Storage indexes work by dividing to storage on each ASM griddisk into chunks. The first time an entire chunk is read (from a full-table scan, for example), the storage server keeps track of the highest and lowest values for each column in the chunk, and stores them in an in-memory structure. Whenever an insert or update comes in, each column value is checked against min and max values, and the values are updated if necessary. Deletes are a bit trickier, but I suspect the storage indexes are left as-is rather than undergoing the overhead of reading the entire chunk to determine new min-max values.
The next time a table scan request comes along, the storage server compares fixed predicated in the WHERE clause against the min and max values, and if the requested rows fall outside the range, they skip I/O against the chunk entirely.
Now you might think that typical column values in a chunk of data 1 MB or larger would have a wide range, and that storage indexes would give very little benefit. And it is true that a chunk with a single very high and a single very low value in a given column will match most queries and thus requiring the whole chunk to be read. However a lot of data, particularly the incrementing ID values so beloved of data architects, naturally tends to be correlated with the time the row was inserted into the database. And if you delete old rows in bulk or not at all, the storage chunks tend to have data inserted in the same time period. This correlation means that many values, ID value especially, tend to be clustered together within storage chunks.
When compared to regular indexes, storage indexes have a few important advantages. They consume no storage space at all, require negligible overhead to maintain or to use, and they cover all commonly queried columns of every table, even in combination.

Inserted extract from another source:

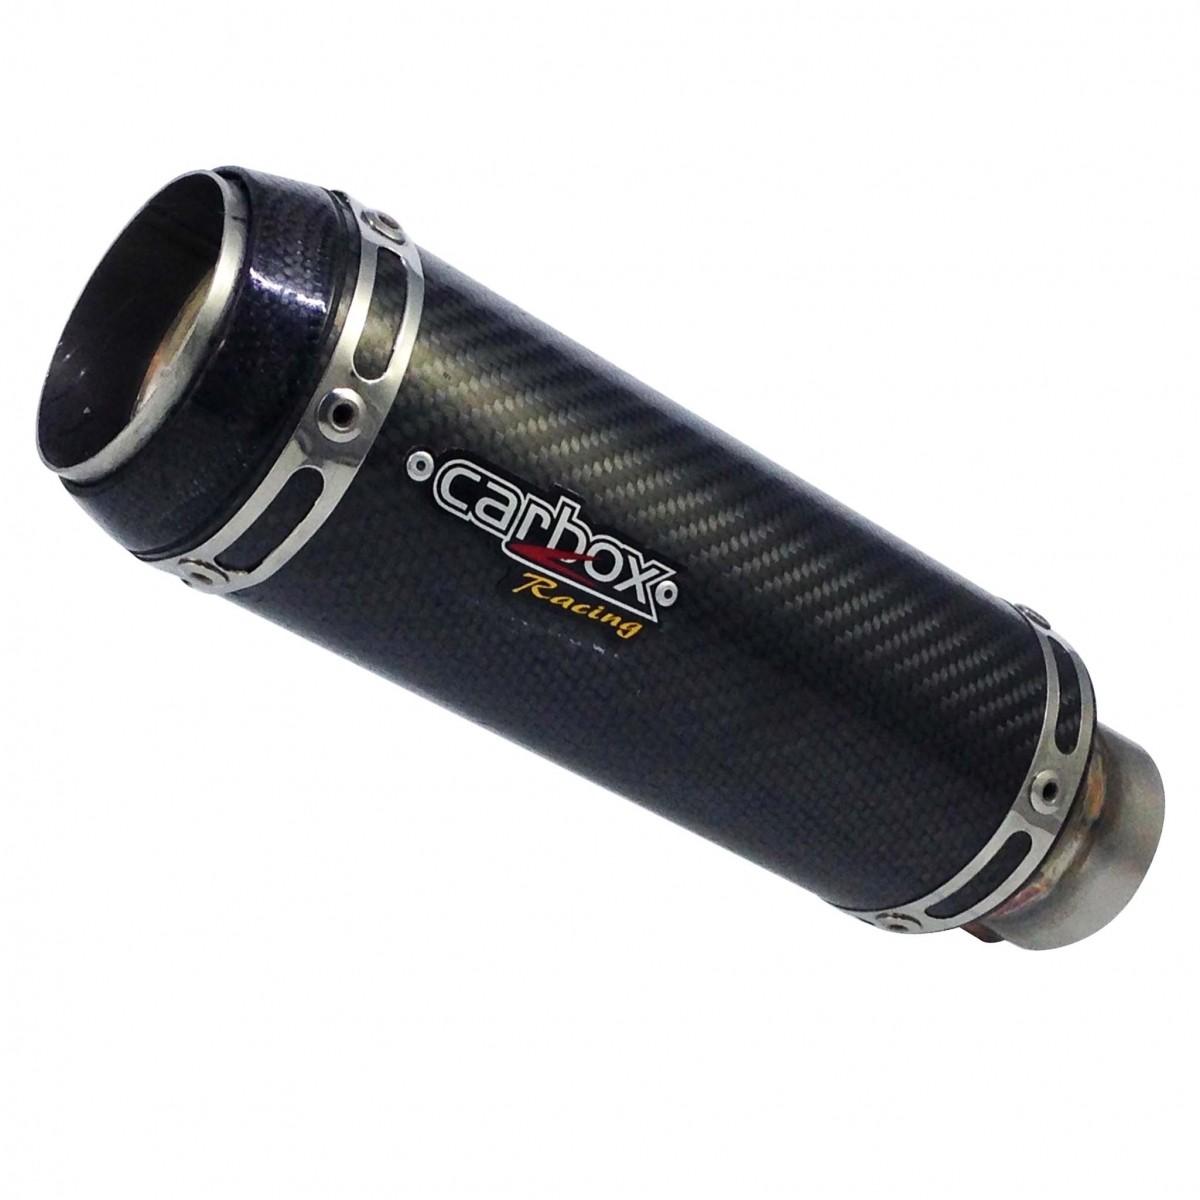 Ponteira GP Tech 2 Carbon p/ Suzuki SRAD GSXR1000 2007 a 2010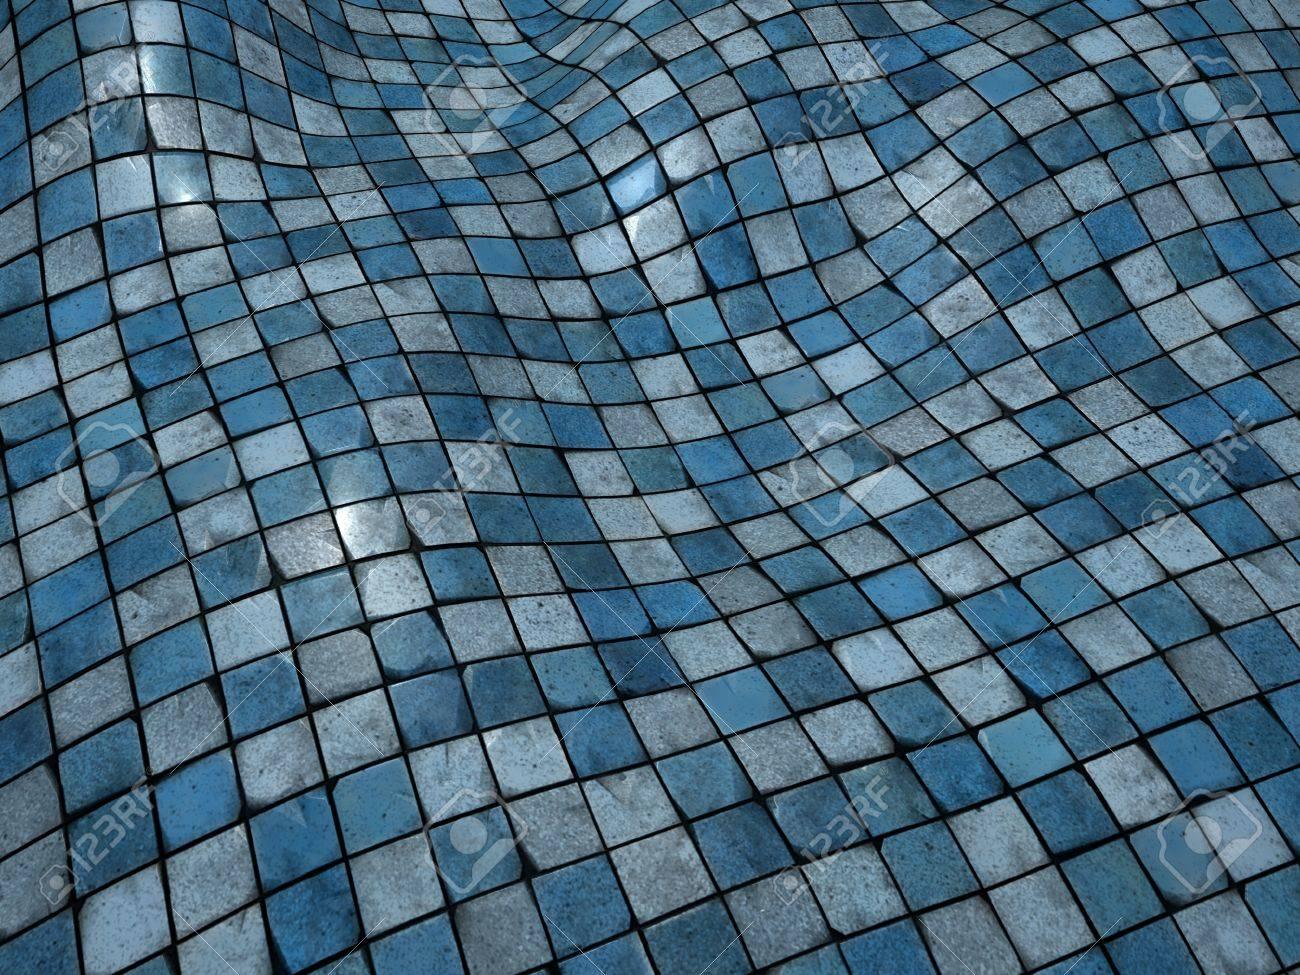 3d Render Blue Wobble Mosaic Tile Floor Wall Surface Stock Photo ...

Storage indexes however do have some drawbacks. First, they are designed for use with full-table scans. Index-based access paths will see fewer benefits because they tend to read fewer rows in the first place. Second, as in-memory structures, storage indexes do not survive a storage server shutdown, and must be rebuilt on subsequent startup. I suspect this drawback will disappear in future versions though, since saving storage index values to disk should be a simple exercise. And third, storage indexes don't store min and max values for encrypted tables, as this could inadvertently disclose some of the data.
But overall storage indexes can provide important performance benefits with almost zero overhead, and, joining Netezza and InfiniDB, expect to see more and more DBMS products offering them.